Python, Meet Synthetic Biology (The DNA + Computing Issue)

Cell Crunch (Issue 2021.03.01)

Published in

Codon

8 min readMar 1, 2021

Reach out on Twitter with feedback and questions. Receive this free newsletter every Friday morning by clicking here.

The sight of a feather in a peacock’s tail, whenever I gaze at it, makes me sick!
— Charles Darwin (from a letter to Asa Gray)

Data Stored in Yeast Chromosome: A couple weeks ago, researchers at Tianjin University, in China, dropped a paper that I completely missed. I was scrolling through Twitter — doomscrolling, you might say — when I saw a tweet from Tom Ellis about data stored on an artificial yeast chromosome. I thought it was intriguing, and decided to feature it in this newsletter, despite its age (two weeks old? Ugh.)

In that study, published in National Science Review, the Tianjin team stored “two pictures and a video clip” on an artificial Baker’s yeast chromosome about 250,000 bases in length. More than 95% of the chromosome’s length was used to encode data, according to the study authors. The yeast carrying the artificial chromosome were passaged for 100 generations, and the data could still be retrieved (via Nanopore sequencing) after that time.

To make the data encoding robust — so that mutations in the chromosome would not destroy the data, or make it irretrievable — the researchers used “superposition of sparsified error correction codewords and pseudo-random sequences.” I’m not even going to pretend like I understand that jargon, but the moral is this: the yeast data is not easy to destroy!

Why It Matters: Building a 250,000 base pair chromosome is expensive. But once you’ve actually done that, this study proves that there are ways to ensure that it will remain stable, and its data retrievable, for at least 100 generations.

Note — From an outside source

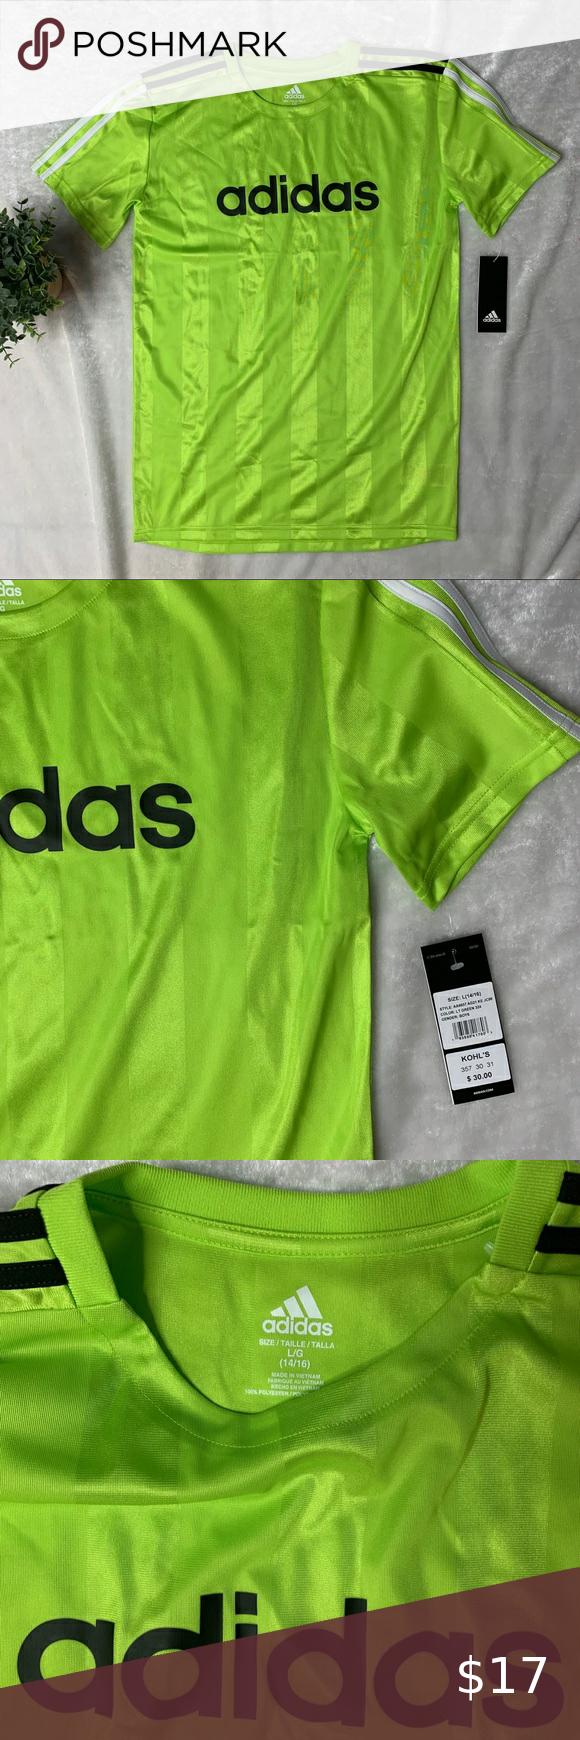 Adidas shirt 👕 in 2020   Adidas shirt

This technique, then, might be a great way to store and copy DNA data files in the future; you could just freeze cells carrying the artificial chromosome, and grow them up when you need to duplicate the data. The authors also wrote, in the discussion section, that it is theoretically possible to have multiple different artificial chromosomes, inside of living cells, that could each be dedicated to data storage. This approach might become more popular as the cost of DNA synthesis comes down.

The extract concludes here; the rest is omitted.